• [What you have to do]: Once you reach the line with "Dodge Ram 1500, V8" below, copy each line exactly, stopping after the line with "Dark Halloween Ritualwith", and skip any pictures.

• [Task material]:
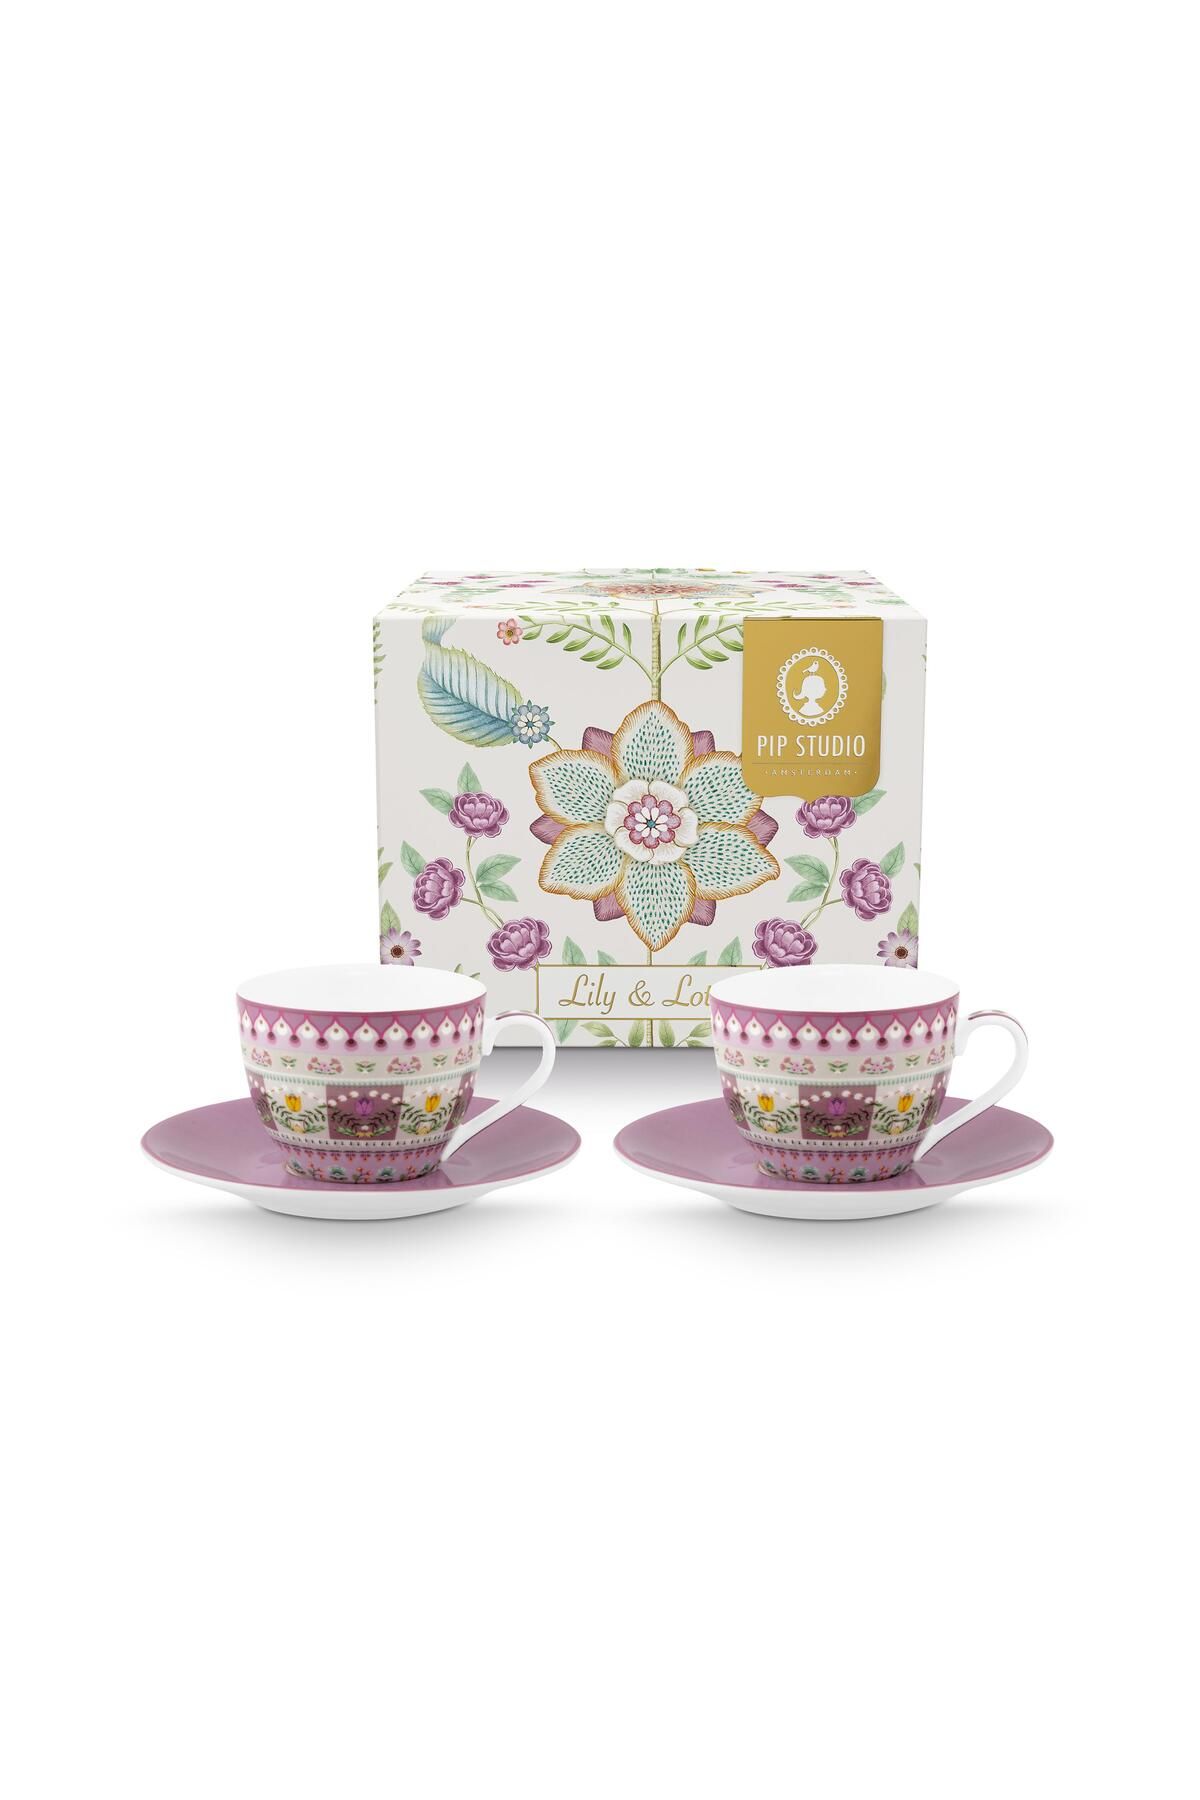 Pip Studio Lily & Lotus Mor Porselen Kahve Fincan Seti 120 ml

---

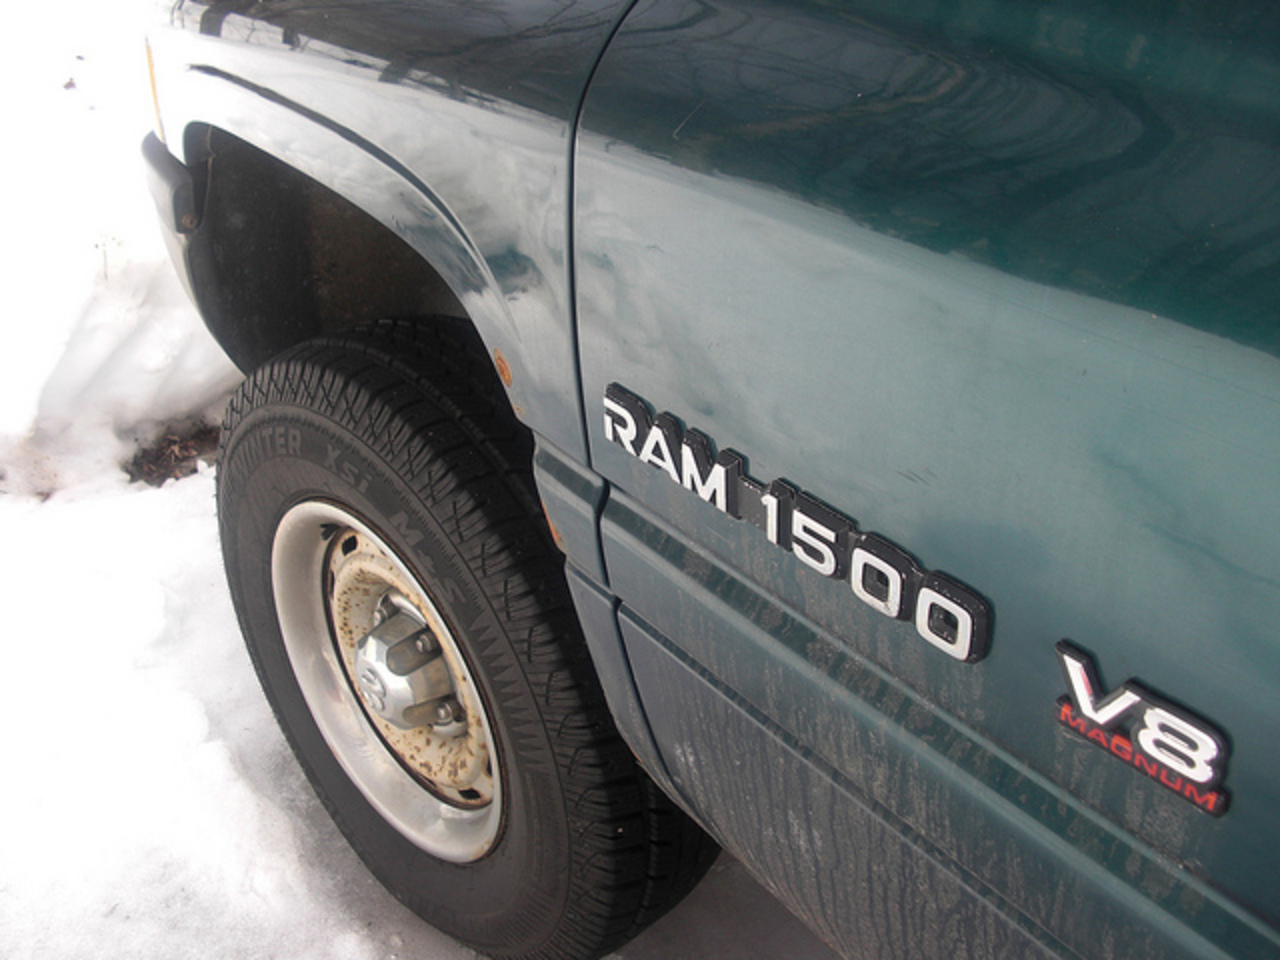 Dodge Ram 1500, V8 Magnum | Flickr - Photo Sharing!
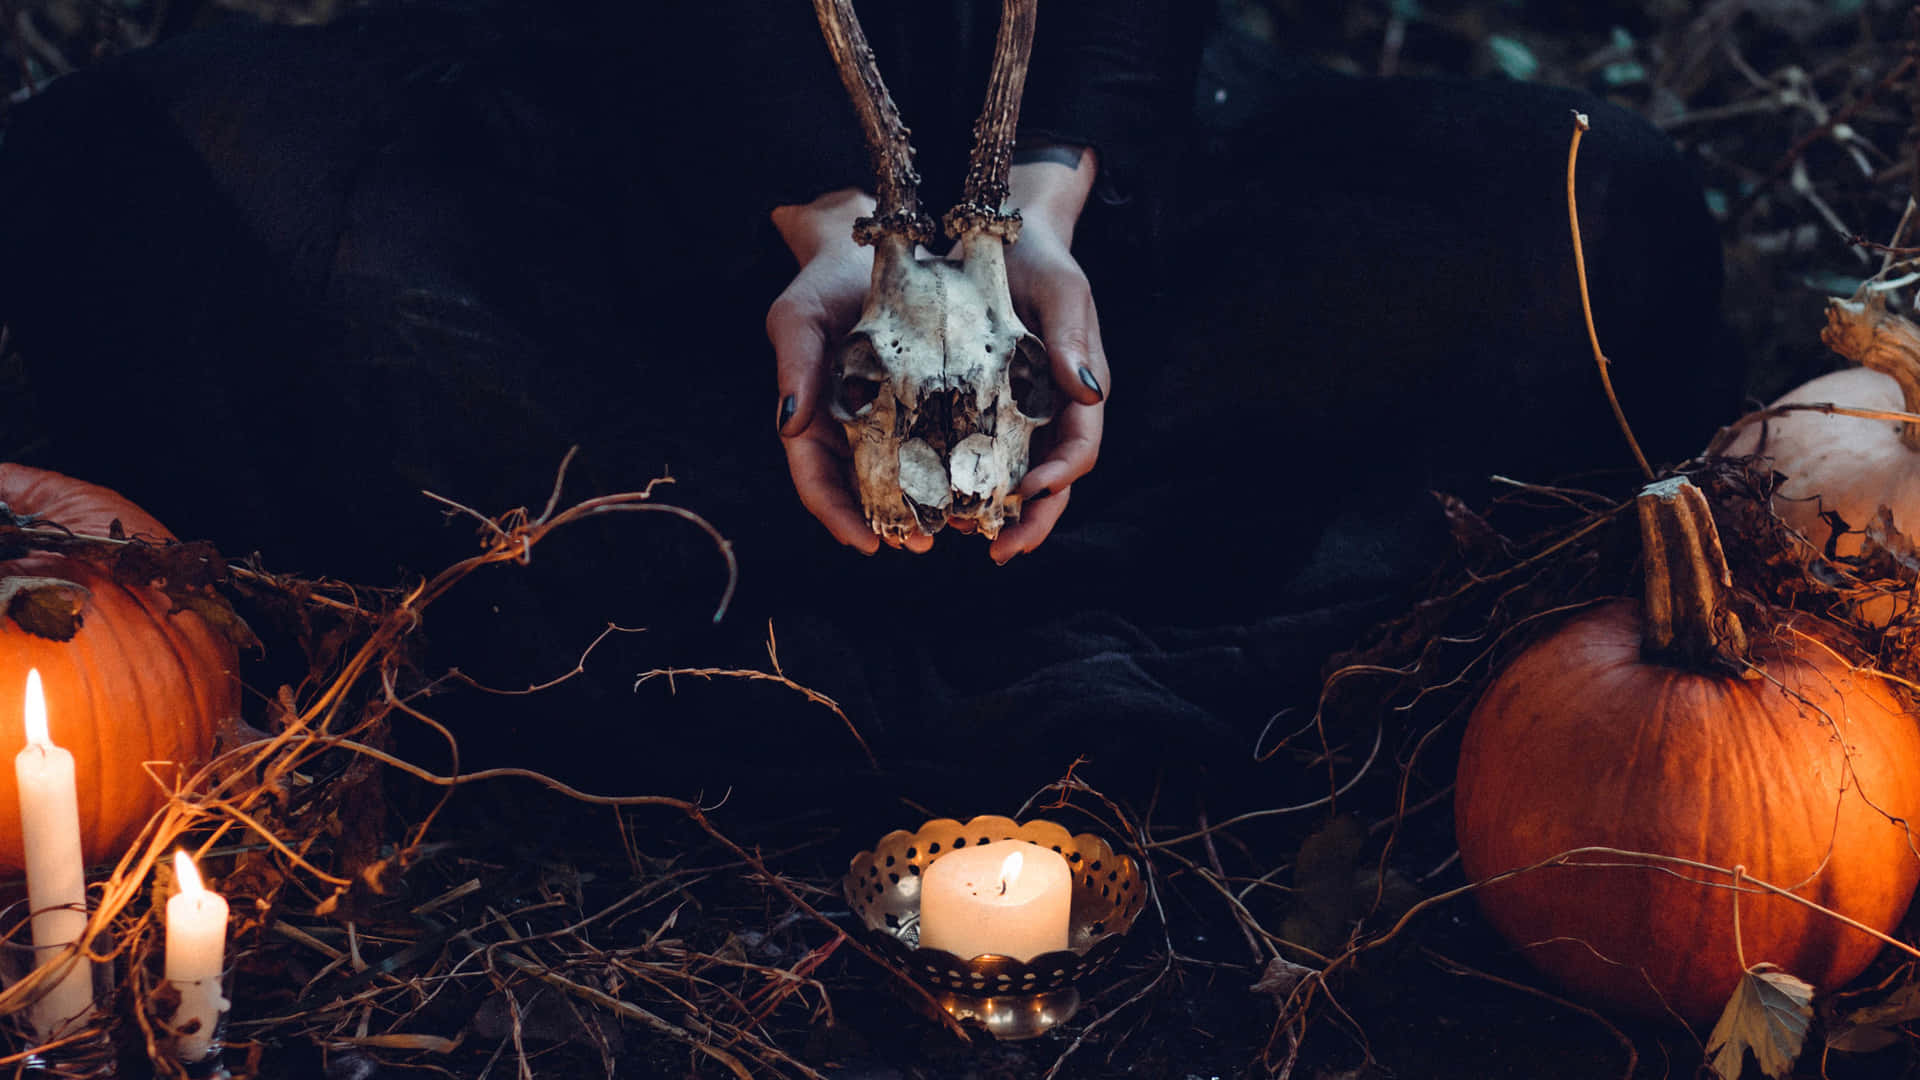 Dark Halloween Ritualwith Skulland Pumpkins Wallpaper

---

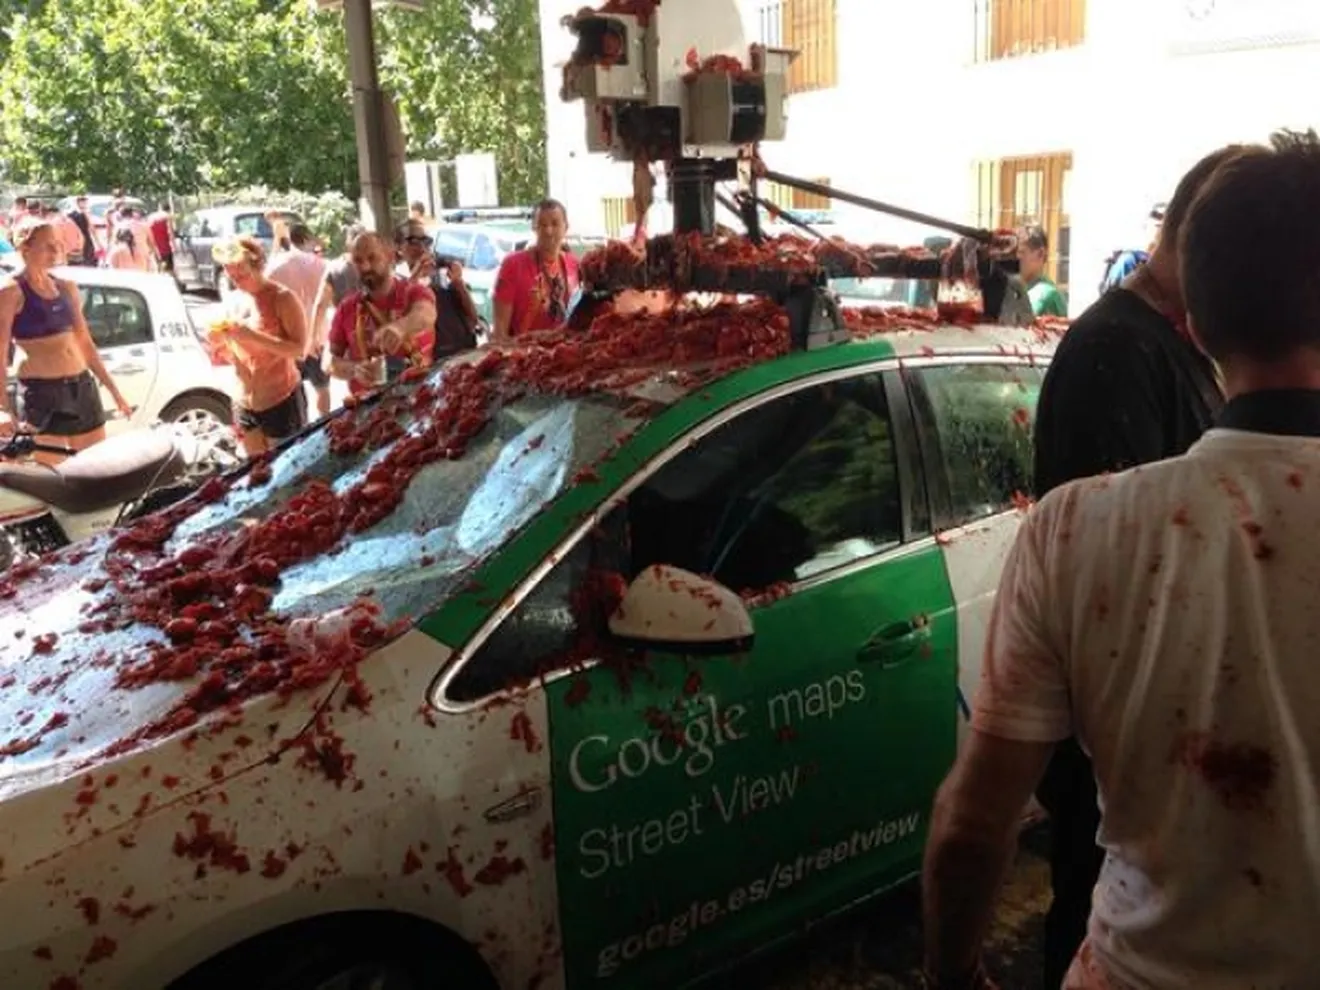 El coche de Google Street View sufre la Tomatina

• [Solution below]:
 Dodge Ram 1500, V8 Magnum | Flickr - Photo Sharing!
 Dark Halloween Ritualwith Skulland Pumpkins Wallpaper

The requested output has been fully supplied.